At present, Bitcoin is a good way to transfer money, trade and speculate on the value of money, and store money. It is not itself a money, not yet. If we want it to be a money, here’s what we need to do. First, a bit of background.
Here’s an exercise. Hold a dollar bill in your hand, or $5 or $10 or whatever, or a euro, or a £5 note. Think about what you’re holding, and think about why it has value. Hard money libertarian types often like to say things like “The Dollar has no intrinsic value,” and that’s kind of true. But let’s sharpen that statement and try to figure out where exactly whatever value fiat money has, comes from. Certainly it has some kind of value, but from where does that value stem?

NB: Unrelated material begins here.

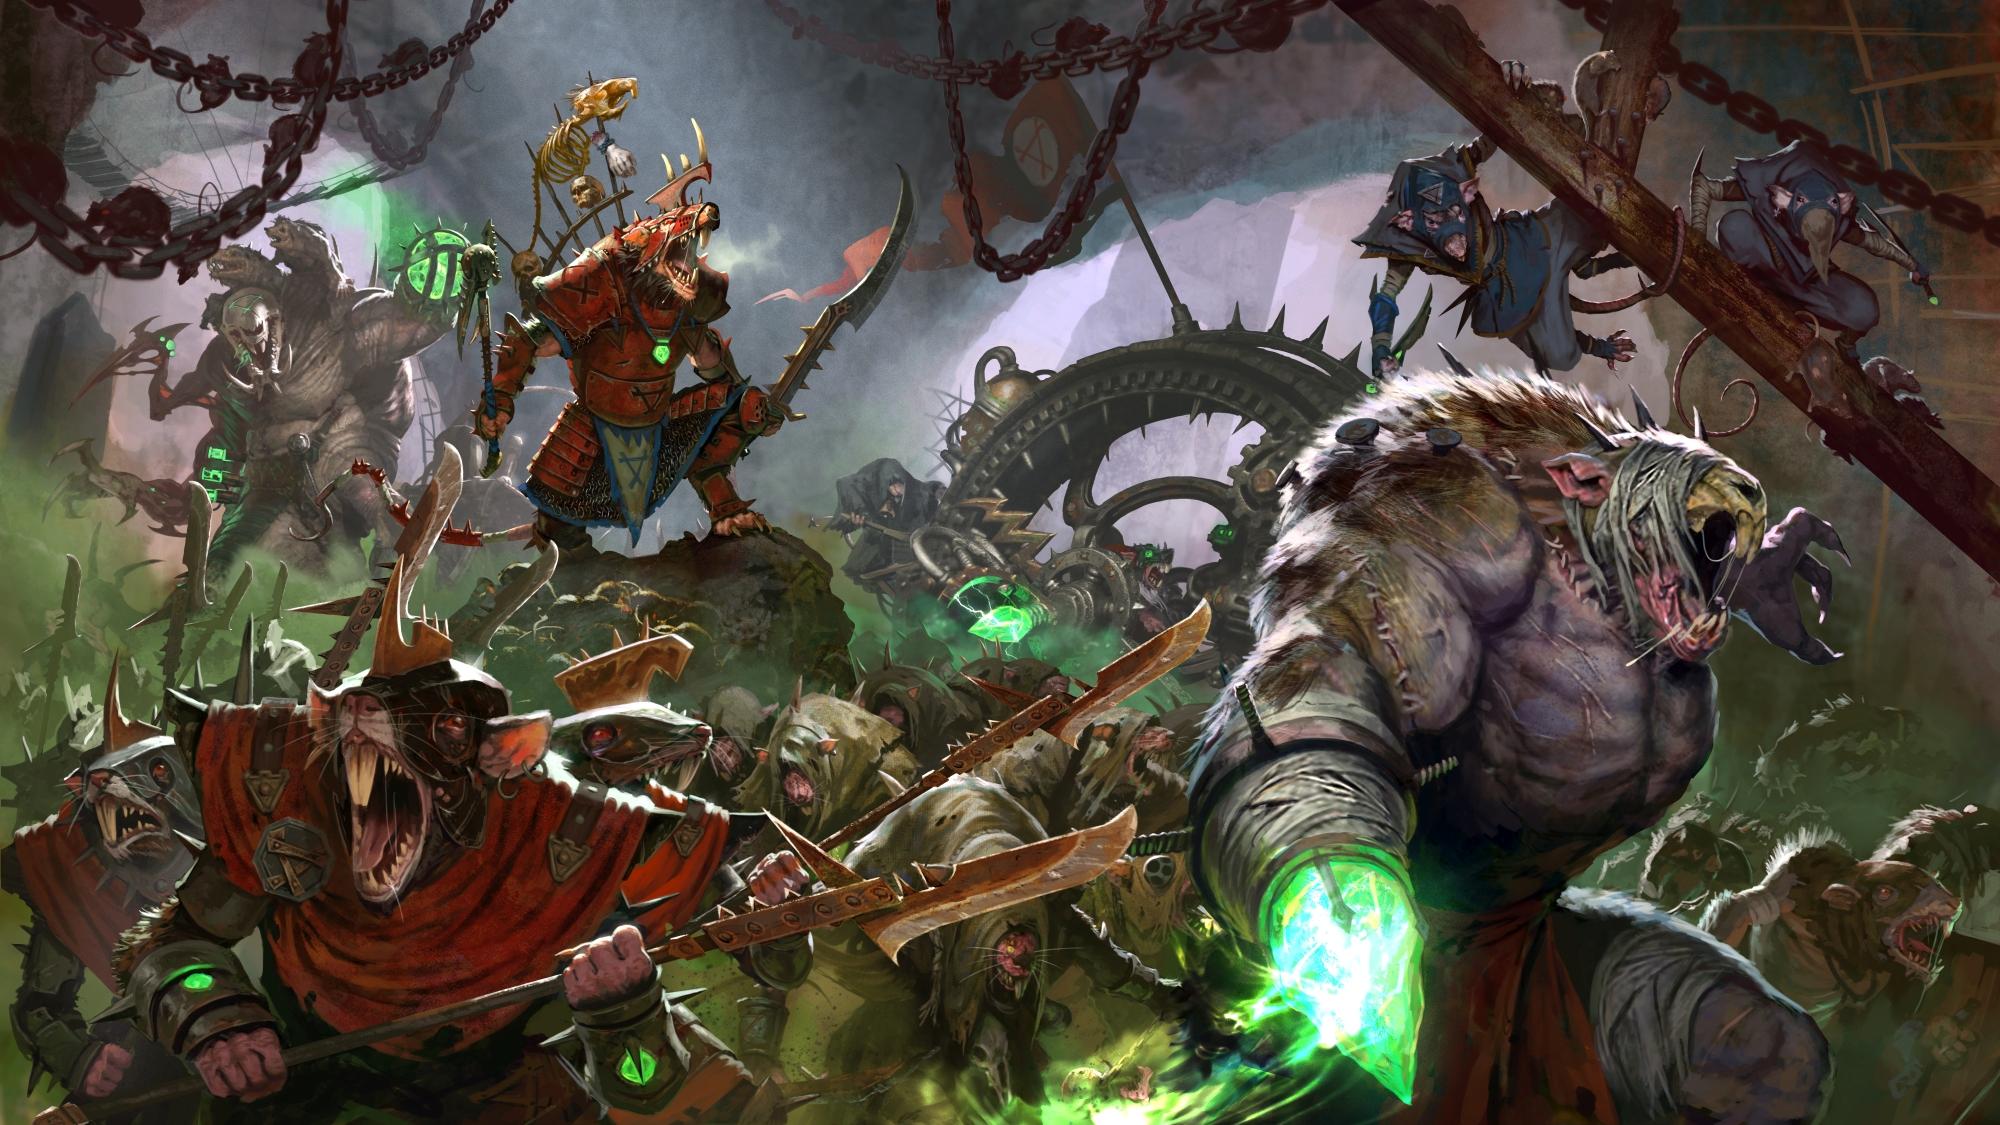 Total-War-Warhammer-2-Skaven-Reveal-01-Skaven-Artwork.jpg

At bottom, a dollar or euro or pound has value because we must pay taxes in those currency units to our respective governments, or we will go to prison. People within a given government jurisdiction use the money that their government accepts in payment of taxes. Flowing from that, the fiat money is able to be used in payment of any debt, which makes it a money. If someone does not wish to accept it and would rather be paid in gold or bitcoin, assuming this is a legal transaction where the authorities can be called upon, he will be forced to accept payment in fiat money or go to prison. The academic way to say this while hiding the violent implications of force is the term “legal tender”. If we take this to its logical conclusion, if any person refuses to pay taxes in the required fiat currency or refuses to accept a payment in fiat currency and decides to actively resist going to prison, he could even be killed, depending on how he decides to fight back the authorities trying to detain him. This is of course a very bad idea.

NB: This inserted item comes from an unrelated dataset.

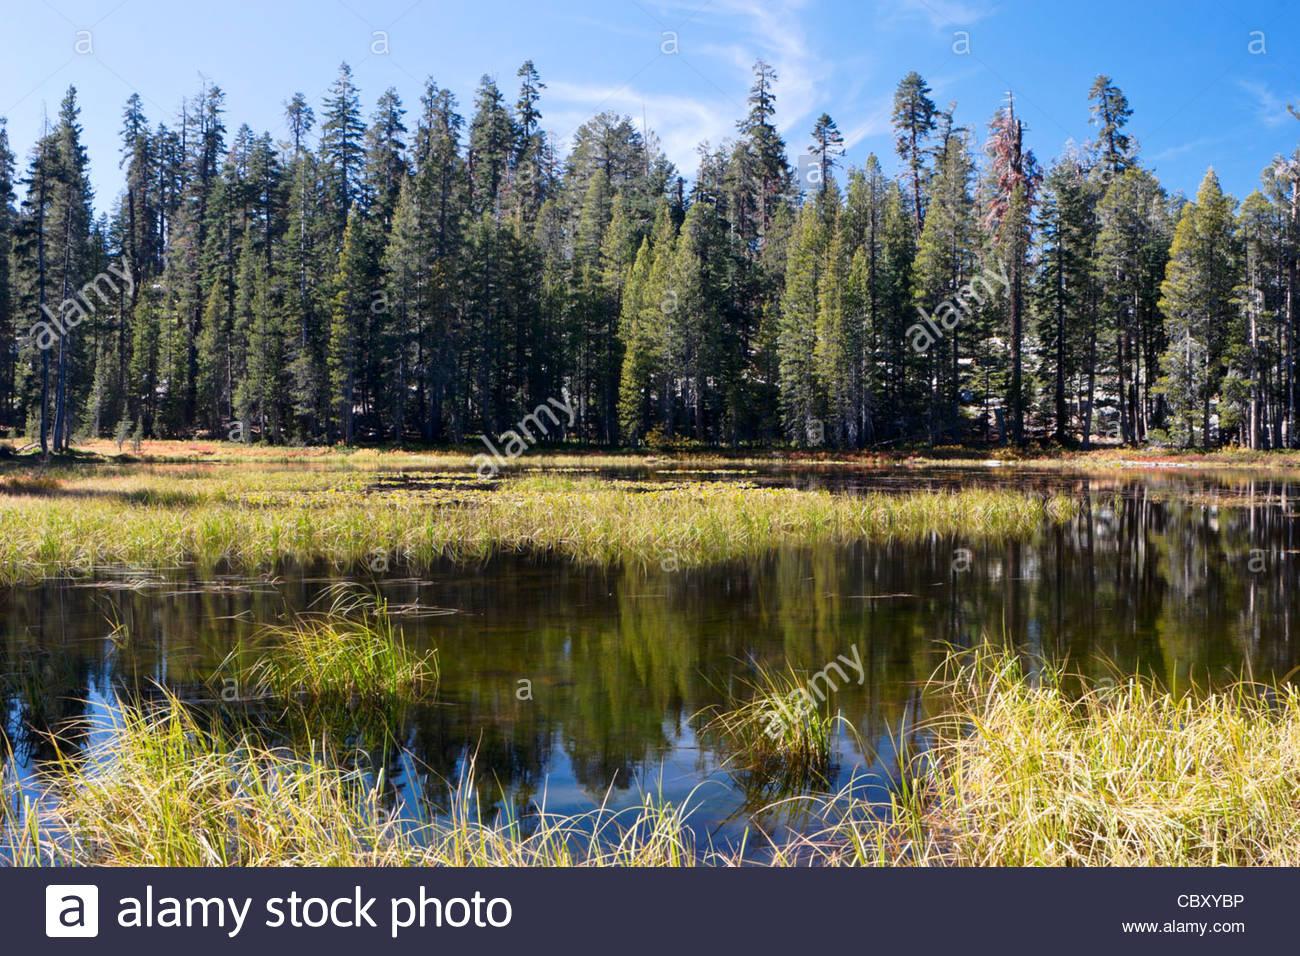 Siesta Lake - Small Alpine Lake on Tioga Pass, Yosemite National Park, California - Stock Image

The value of any fiat currency, therefore, stems from the desire of the average human being not to be imprisoned. So hold that dollar bill in your hand again now, or the euro or the pound. You are holding in your hand the implicit government threat to imprison you or, if you’re crazy enough to fight back, even kill you. The value of a dollar therefore is extrinsic. It is always based on an implicit threat against you outside the body of the paper itself.